**EXERCISE DATA**
=== Section Start ===

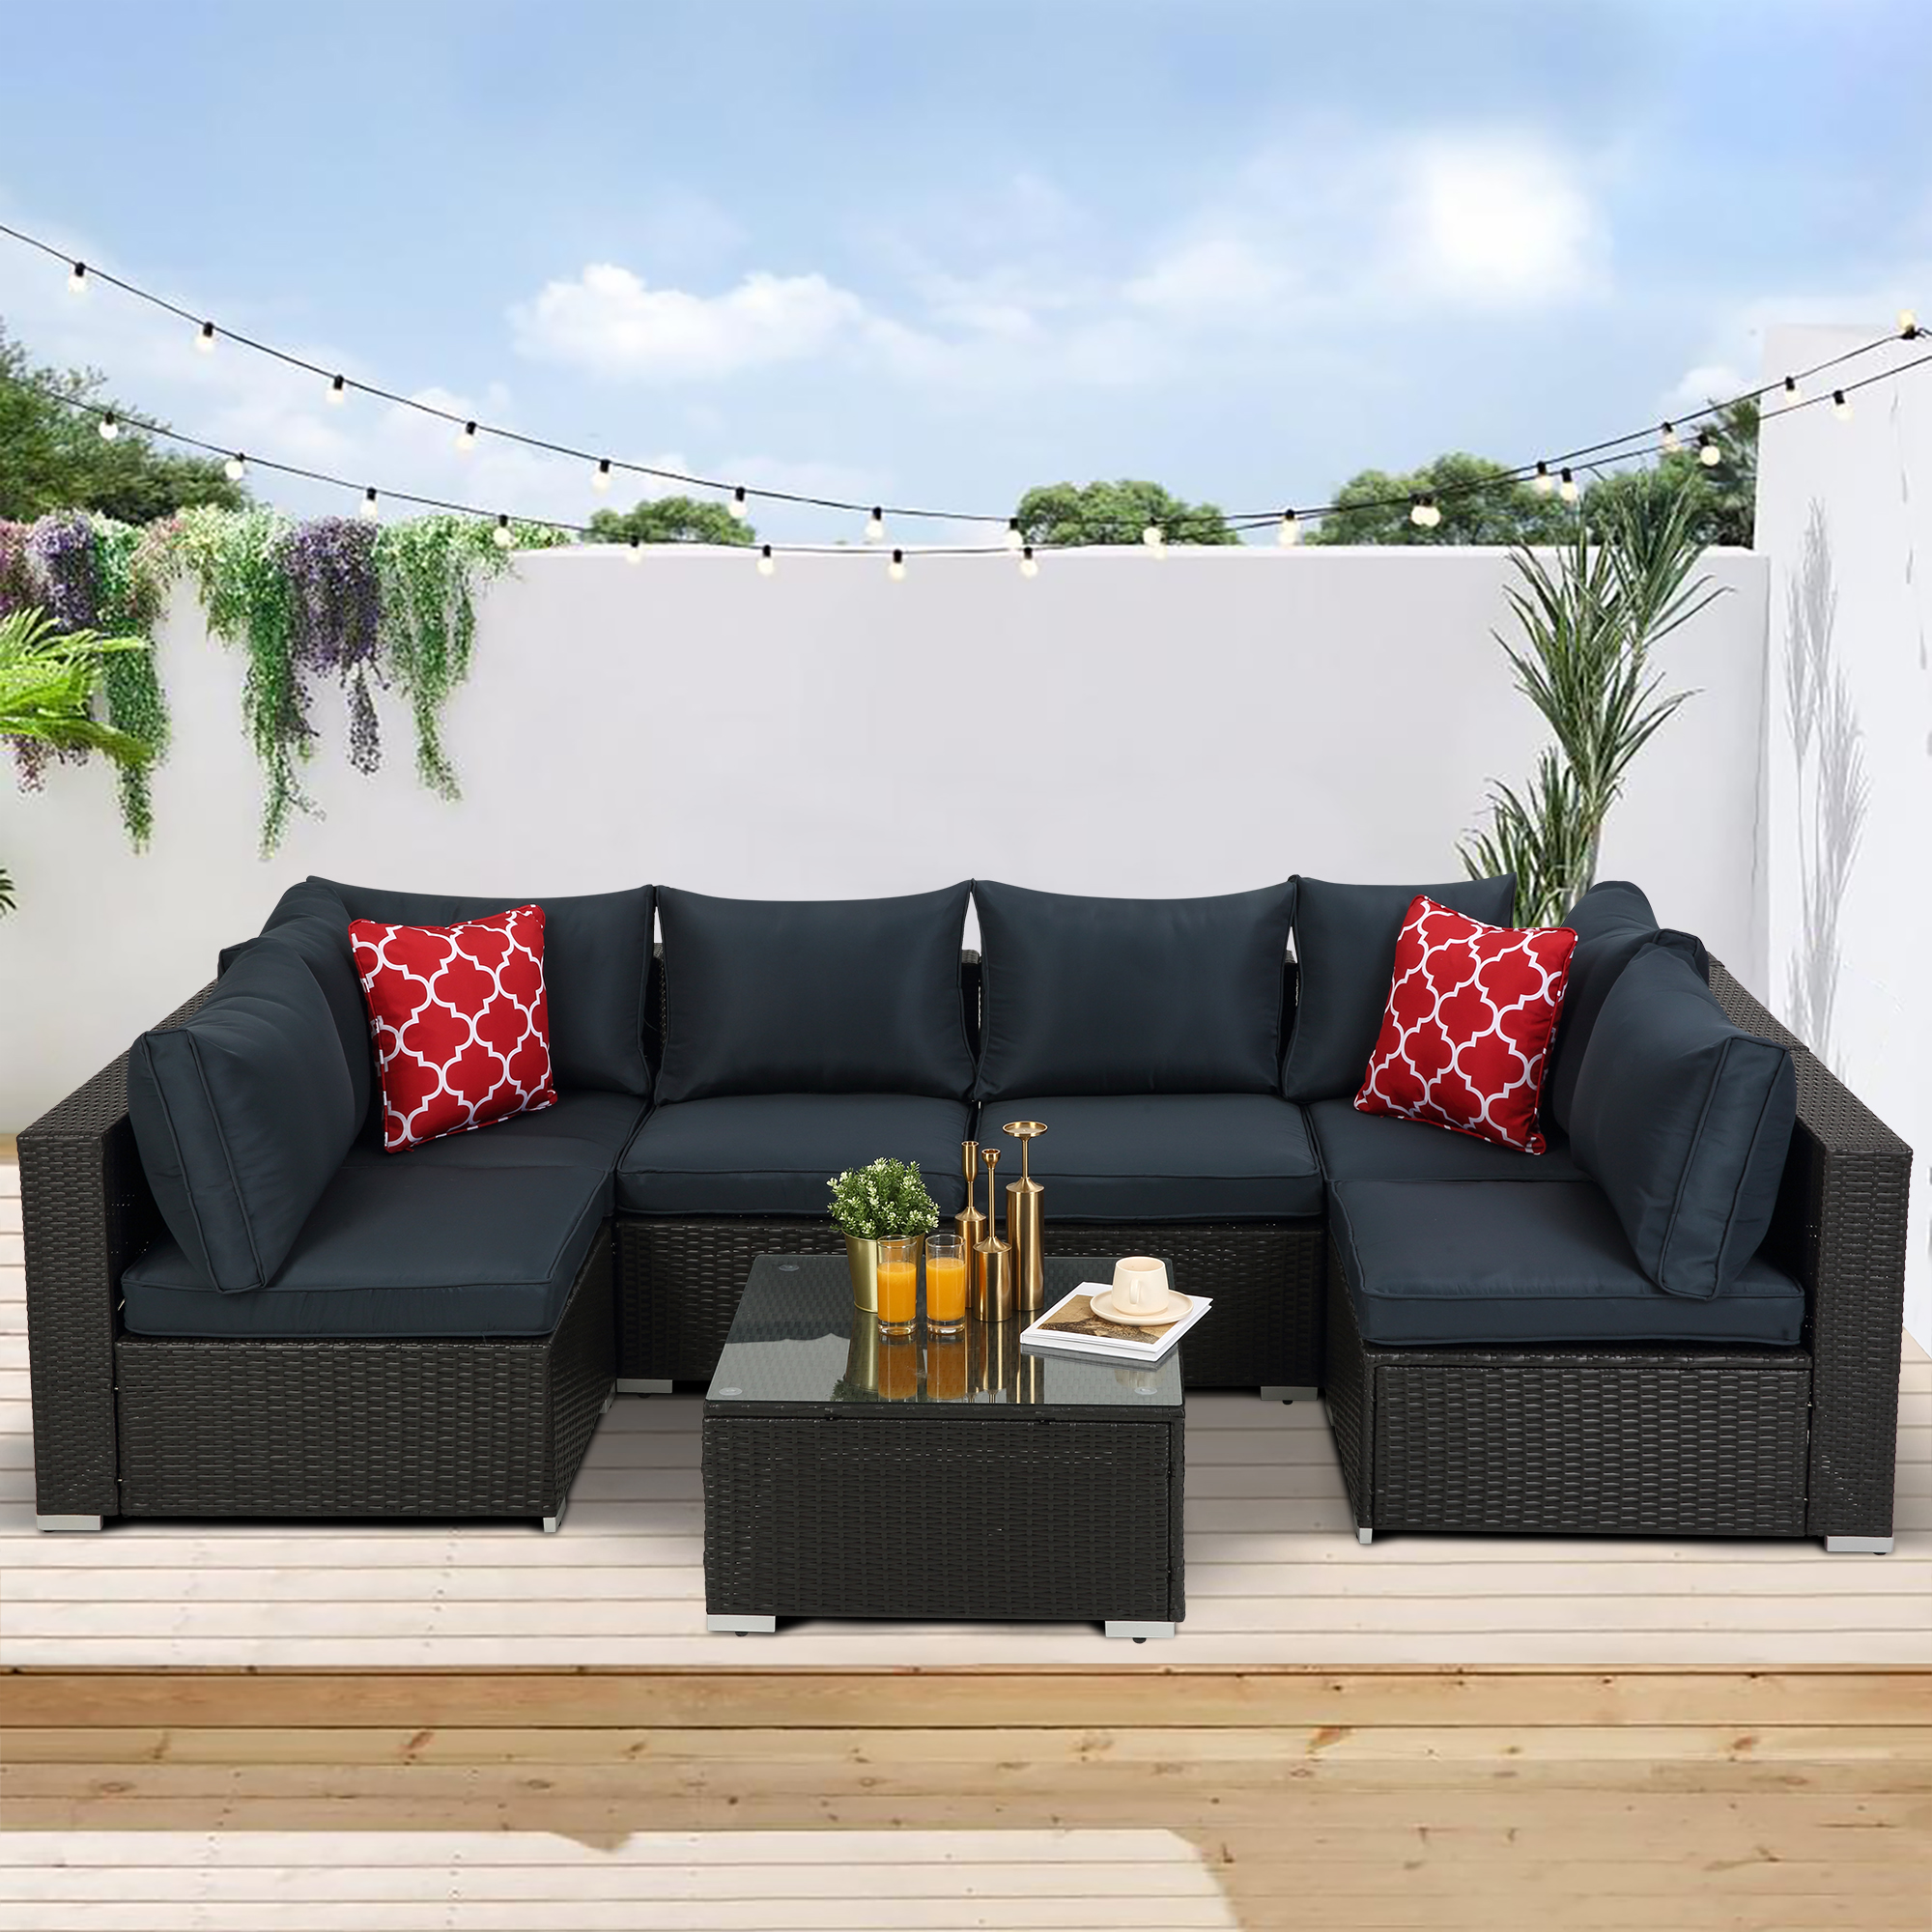 HIFINE-Outdoor Garden Patio Furniture 7-Piece PE Rattan Wicker Sectional Cushioned Sofa Sets with 2 Pillows and Coffee Table-Boyel Living
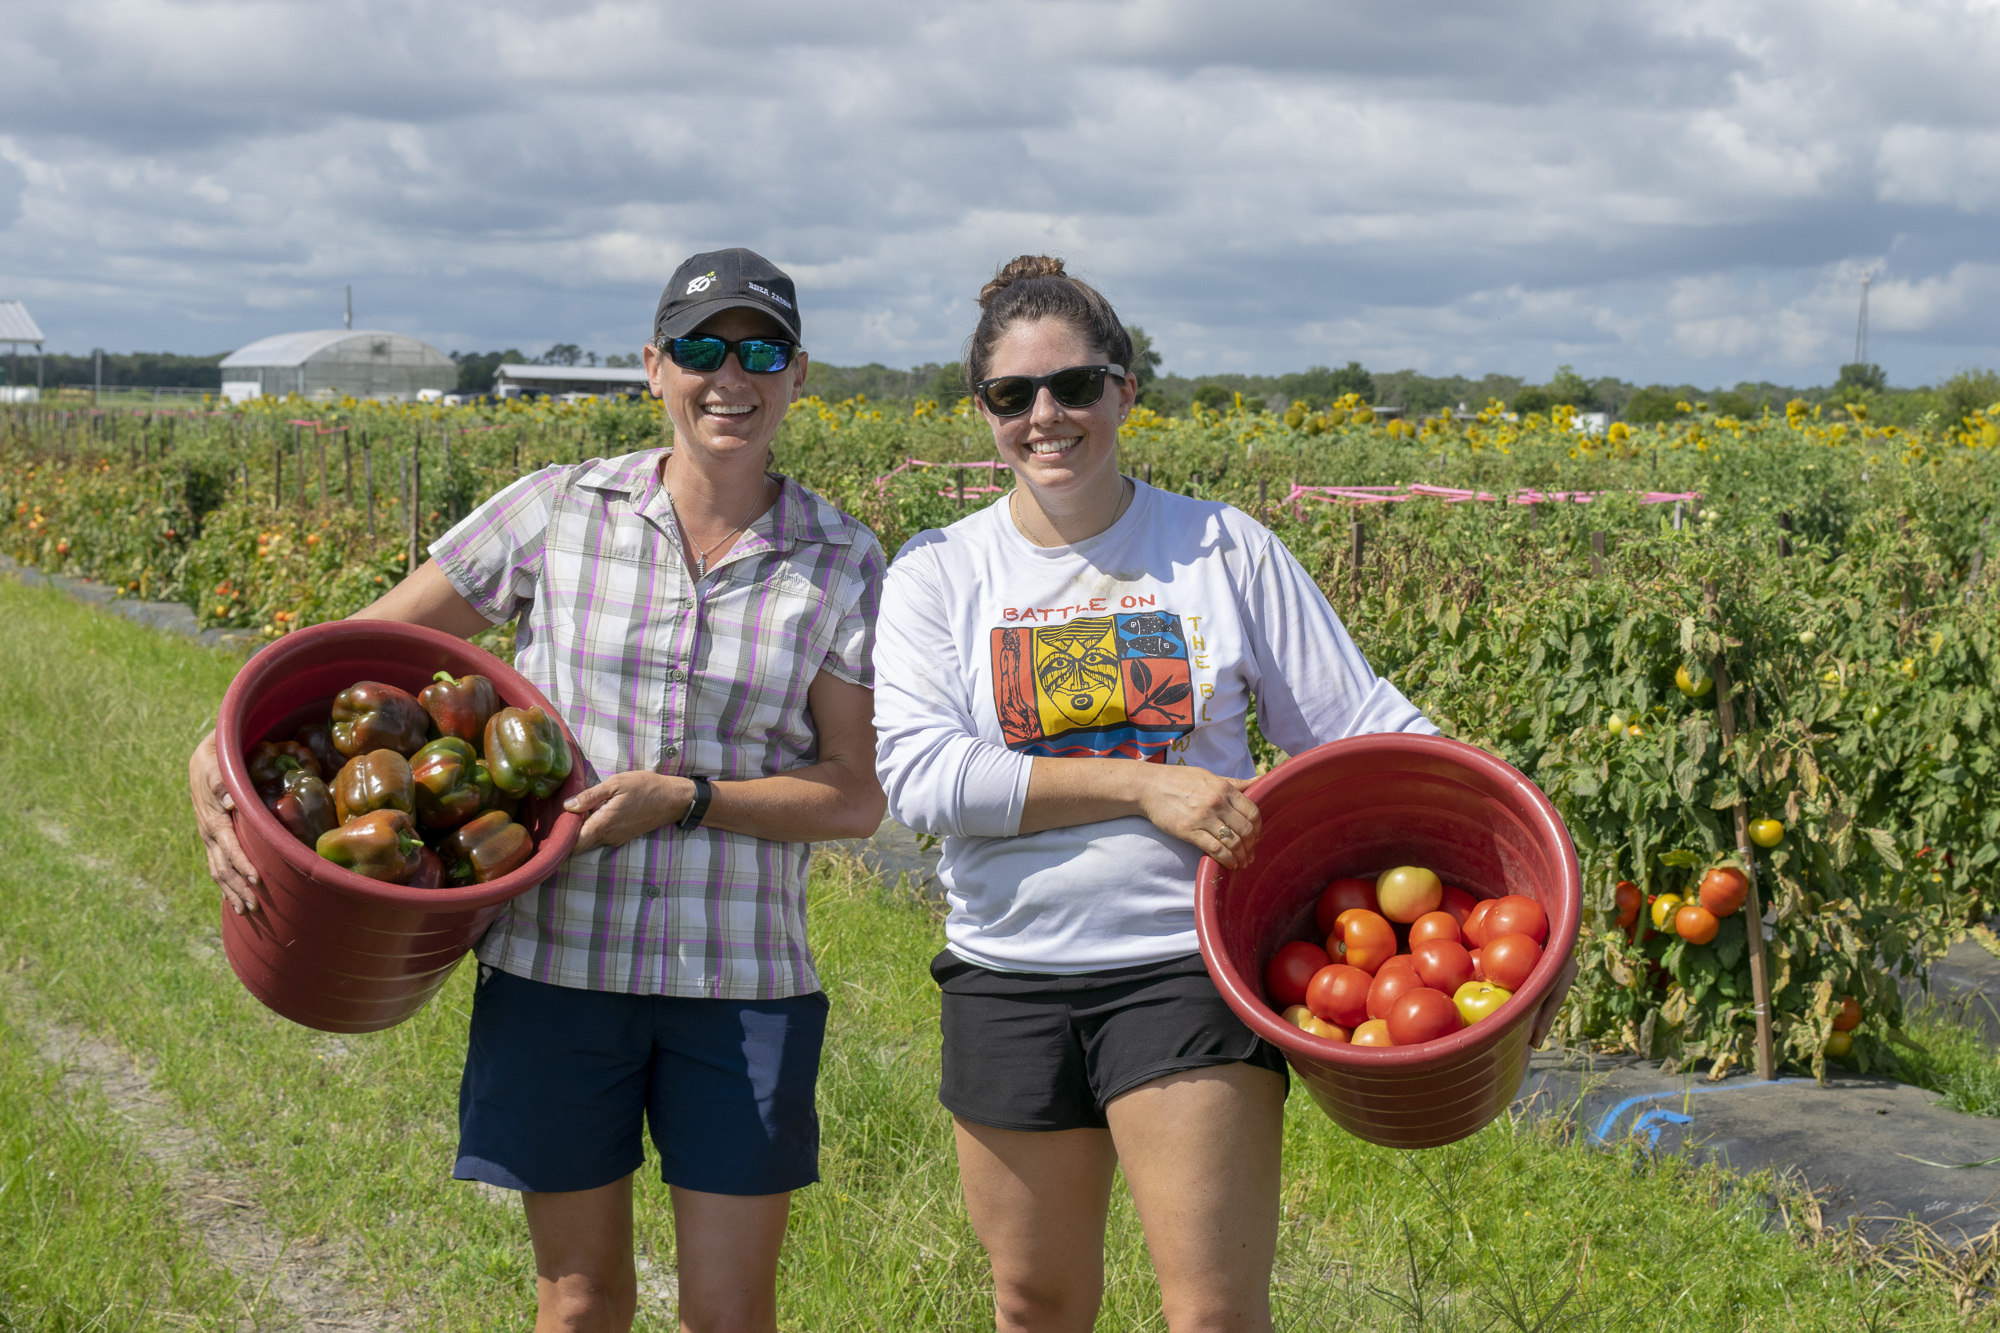 Rebecca Hirshberg, Enza Zaden breeding coordinator, alongside Rebecca Brey, executive director of Transition Sarasota, during gleaning efforts in early June. Produce from the gleaning was donated to The Food Bank of Manatee.
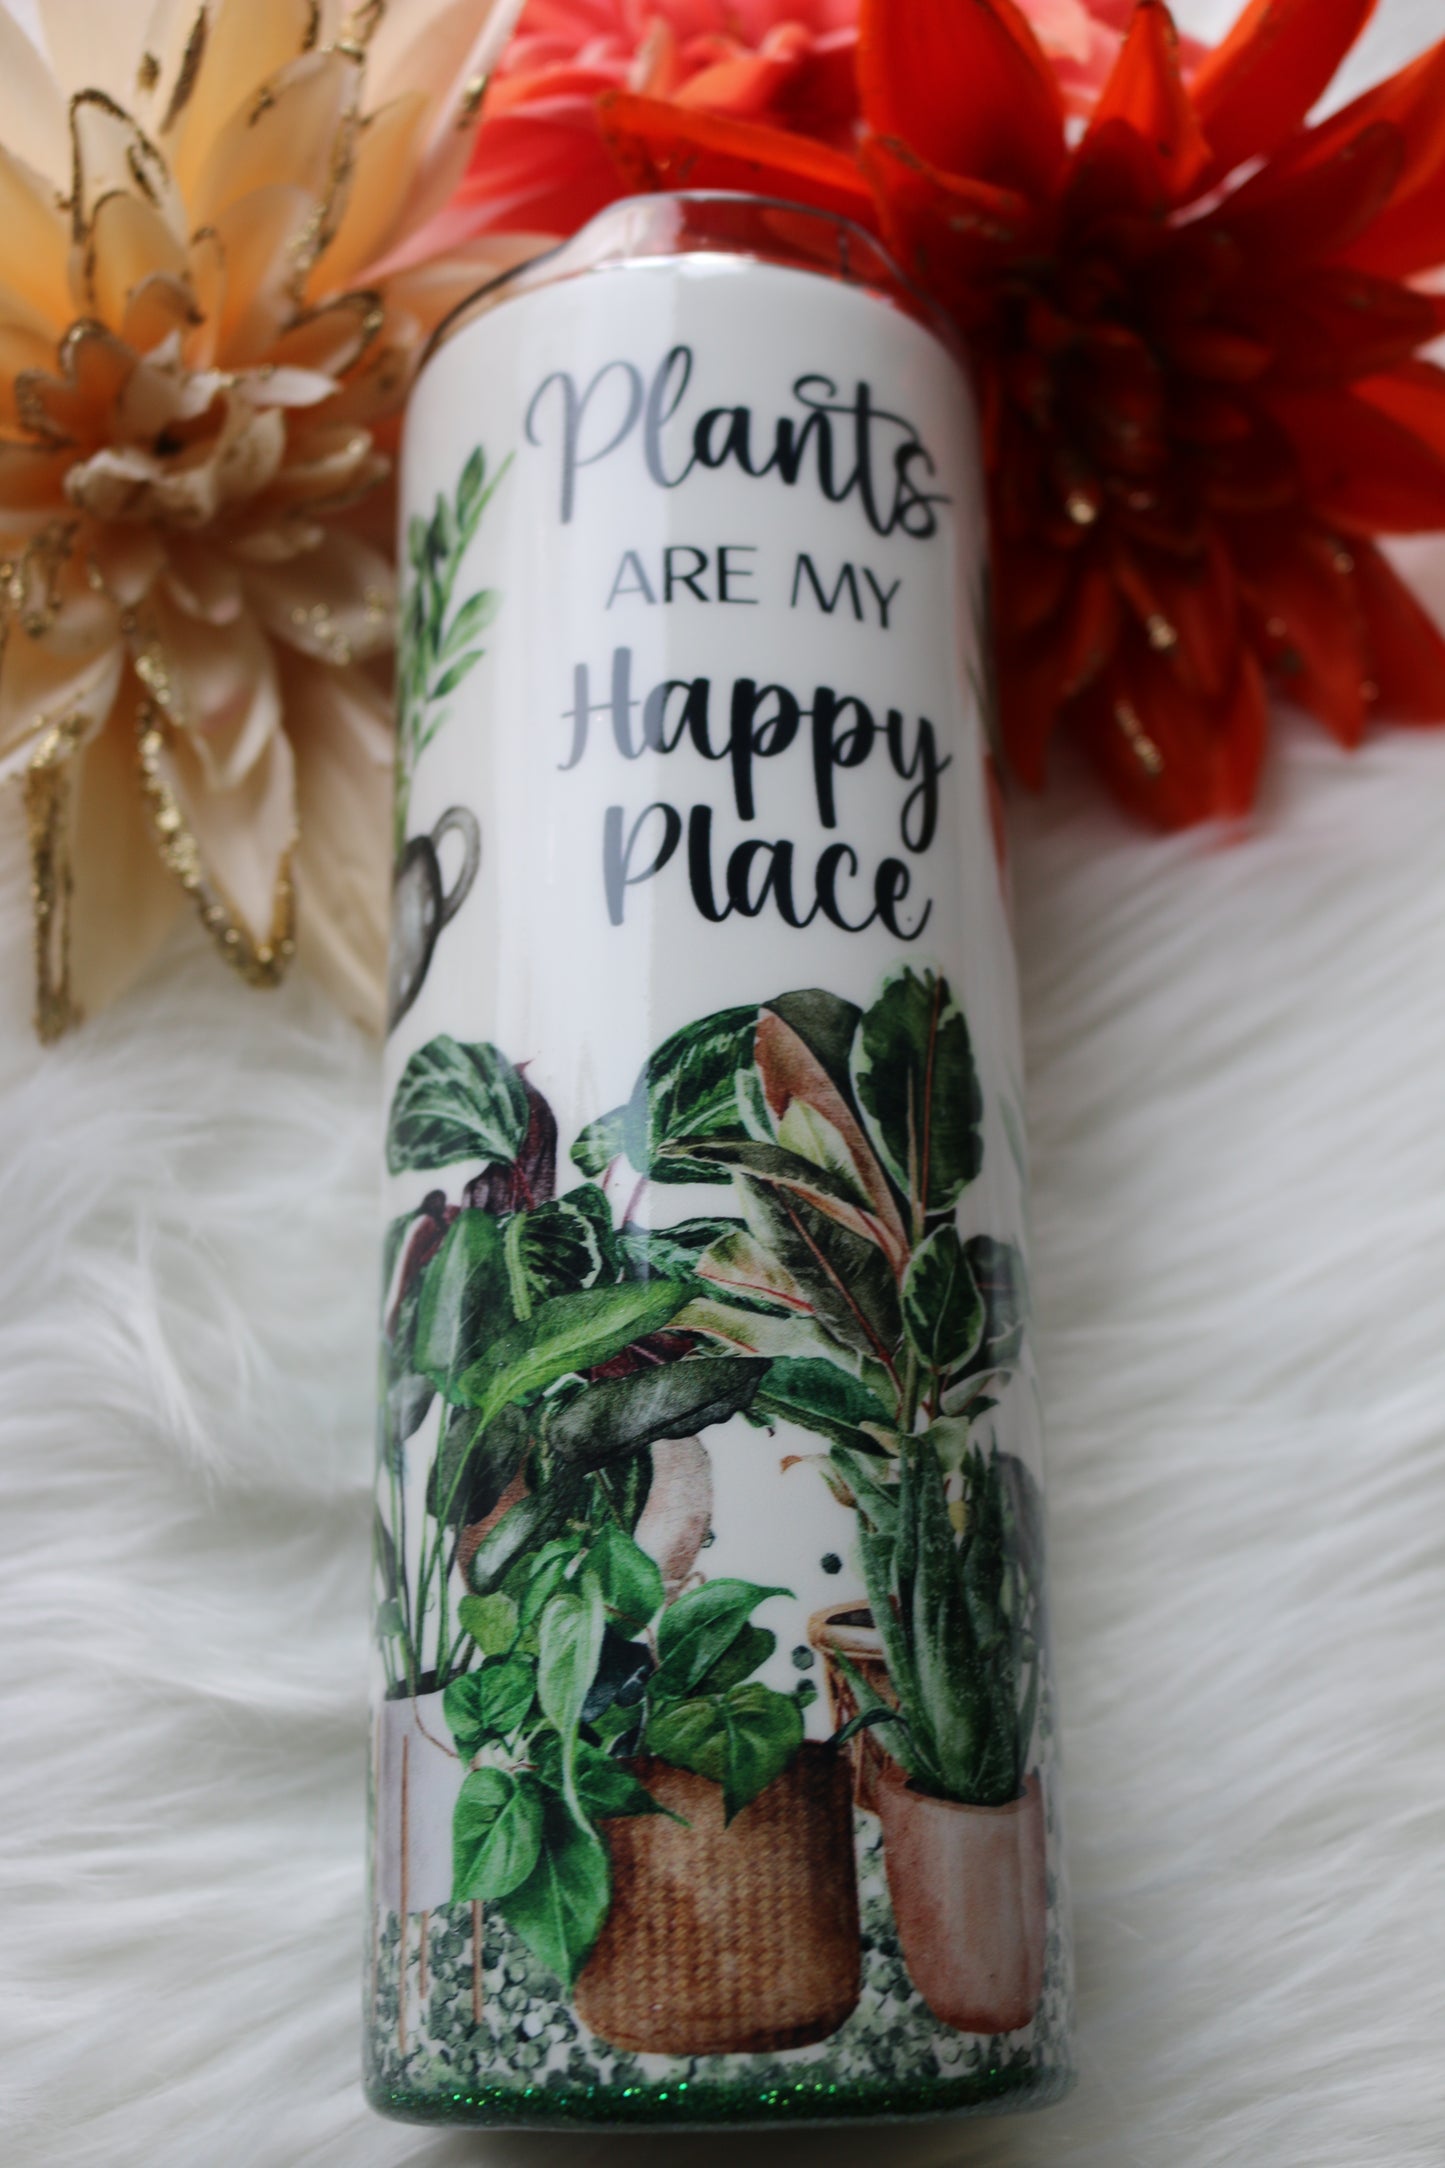 20 oz "Plants are my Happy Place" Stainless Steal Tumbler

=== Section End ===

Please print the span that begins at the line holding "Rebecca Hirshberg, Enza" and ends at the last line of the data, both ends included, with no pictures.

 Rebecca Hirshberg, Enza Zaden breeding coordinator, alongside Rebecca Brey, executive director of Transition Sarasota, during gleaning efforts in early June. Produce from the gleaning was donated to The Food Bank of Manatee.
 20 oz "Plants are my Happy Place" Stainless Steal Tumbler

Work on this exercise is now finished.